All of my pictures are out of date, so I'm going to keep a running list until I can take some new ones.

*Eyeshadows:* Aquavert* / Beautiful Iris / Black Tied / Concrete / Coppering / Coral / Expensive Pink / Freshwater / Gleam / Goldbit* / Haux / Honesty / Honey Lust / Humid / Jewel Blue / Juiced / Juxt / Leisuretime* / Love Bud* / Lustreleaf* / Melton Mauve / Motif / Mythology / Naked Lunch / Overgrown* / Paradisco / Parfait Amour / Pink Freeze / Pink Venus / Say Yeah / Shroom / Sprout / Stars N' Rockets / Slip Pink* / Steamy / Sweet Lust / Swimming / Taupeless* / Waternymph* / Yogurt / Vanilla

*Palettes:* Holiday 2005 Warm Eyes Palette / Flowering Quad / Thunder Quad 

*Paints:* Bare Canvas / Canton Candy / Chartru / Mauvism

*Shadesticks:* Beige-ing / Corn / Gracious Me! / Lucky Jade / Mangomix / Overcast / Penny / Sea Me / Taupeographic

*Fluidlines:* Blitz & Glitz / Brassy / Delphic / Dipdown / Rich Ground / Sweet Sage

*Pigments:* Lovely Lily* 
*Samples:* Acid Orange / Apricot Pink* / Bright Coral / Bright Fuschia / Copper Sparkle / Deckchair* / Dusty Coral / Electric Coral / Fairylite / Fuschia / Goldenaire* / Melon / Rose / Softwash Grey* / Tan

*Lipsticks:* Angel / Awaken* / Bourbon* / CB96 / Culturebloom* / Girl About Town / Jist / Pink Cabana* / Pink Maribu* / Poppy Hop* / Profusion / Sundressing* / Y*

*Lipglasses:* Heat / Kei* / Petit Four* / Pink Clash* / Sex Ray* / Spring Bean / Valentine's  

*Blushes:* Foolish Me / Peaches 

*Blushcremes:* Blossoming* / Lune* / Maidenchant*

*CCB's:* Fabulush / Salsabelle*

*MSFs:* Petticoat* / Porcelain Pink* / Stereo Rose* 

*Nail Laquer:* Delicate Balance* / Summery* / Up Mode* 

*Brushes: *129 / 129SE / 182* / 187 / 217 / 219SE / 224 / 239SE / 249 / 266SE / 316 / 316SE

*Etc.: *Lingering Brow Pencil / Clear Brow Set / Blot Film / Teddy Eye Kohl / Brush Cleaner / Prep + Prime Face / Fix+ / NW20 Select SPF 15 foundation / NC15 Select SPF15 foundation / NW20 Select Moisturecover / Magenta Stashette*

*=LE


----------



## PrettyinPink (Mar 14, 2006)

Very nice collection!


----------



## brandi (Mar 15, 2006)

i agree with above! very very nice!


----------



## Mhari (Mar 15, 2006)

Soooo pretty.


----------



## allan_willb (Mar 15, 2006)

great collection.You better close all your shadesticks tight!Be4 they dry out!!!!


----------



## beautenoir (Mar 15, 2006)

beautiful collection!


----------



## aziajs (Mar 15, 2006)

Quote:

   Originally Posted by *allan_willb* 
_great collection.You better close all your shadesticks tight!Be4 they dry out!!!!_

 
I was just going to say the same thing!


----------



## Luxurious (Mar 15, 2006)

pretty collection


----------



## bottleblack (Mar 15, 2006)

Quote:

   Originally Posted by *allan_willb* 
_great collection.You better close all your shadesticks tight!Be4 they dry out!!!!_

 
Eeep!
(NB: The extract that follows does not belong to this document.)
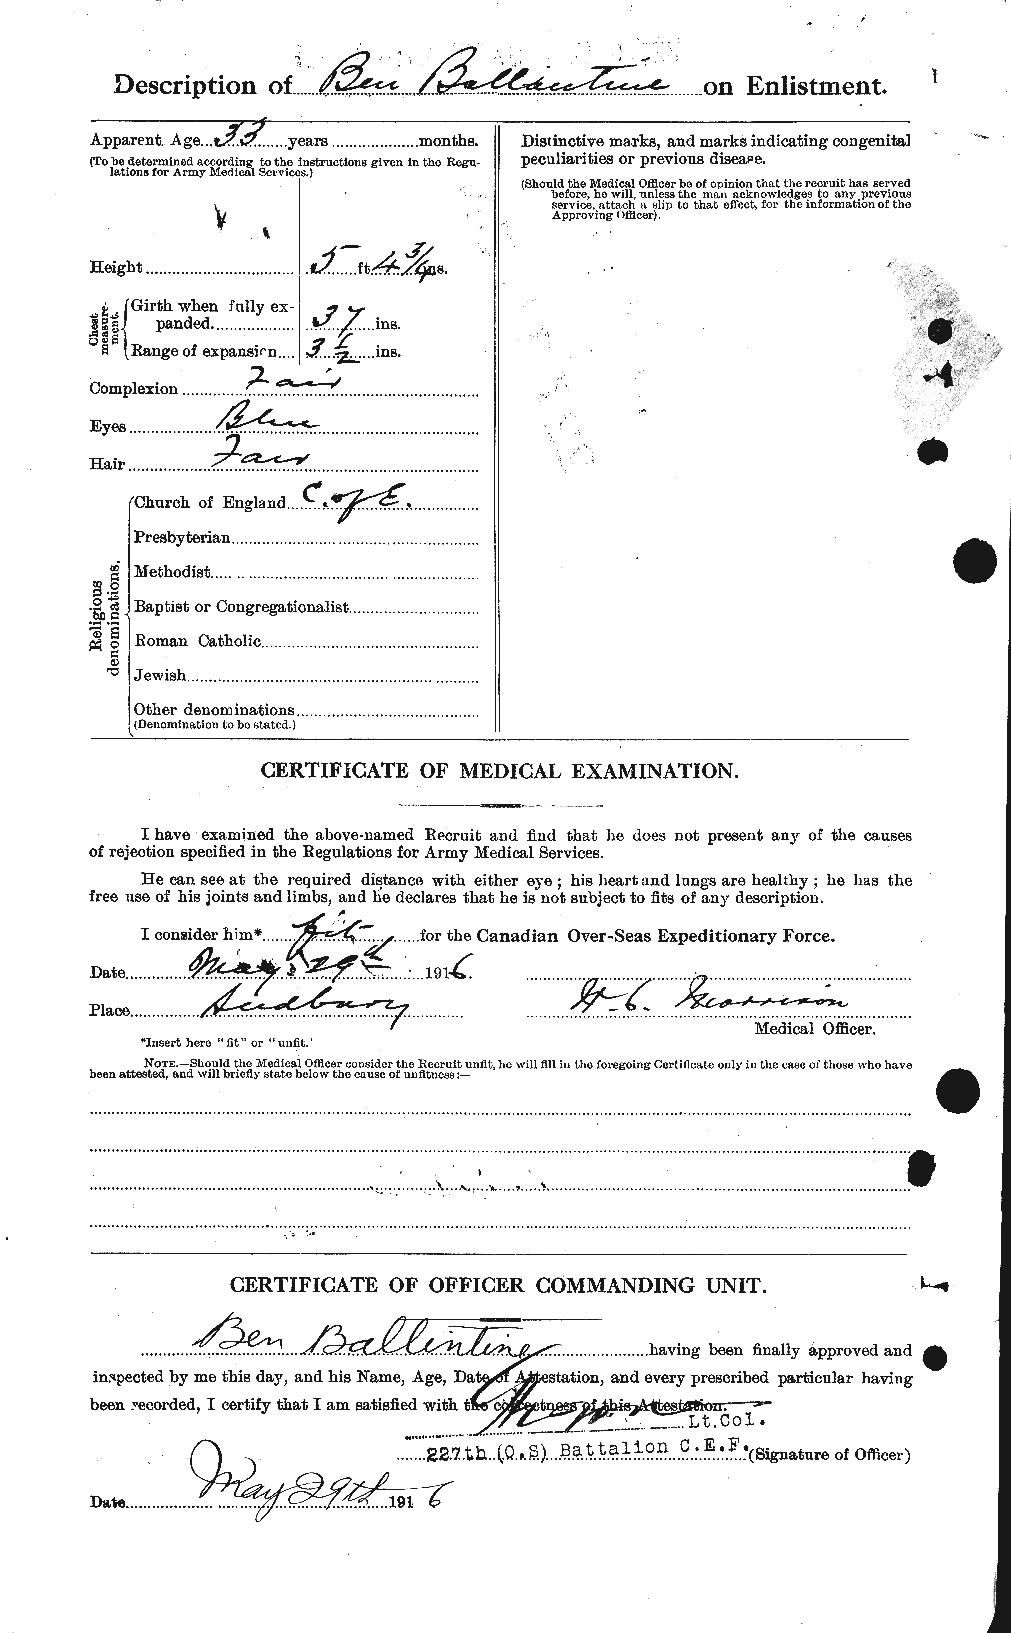 Dossiers du Personnel de la Première Guerre mondiale - CEC 219631b

Thanks, I hadn't even realized they weren't fully closed!


----------



## simar (Mar 31, 2006)

ooh i love ur eyeshadows! nice coll.


----------



## stockham (Apr 13, 2006)

i love your collection!  i want all your eyeshadows!  what ones do you have?


----------



## bottleblack (Jun 7, 2006)

bumped cause i updated!


----------



## Luxurious (Jun 8, 2006)

very nice.


----------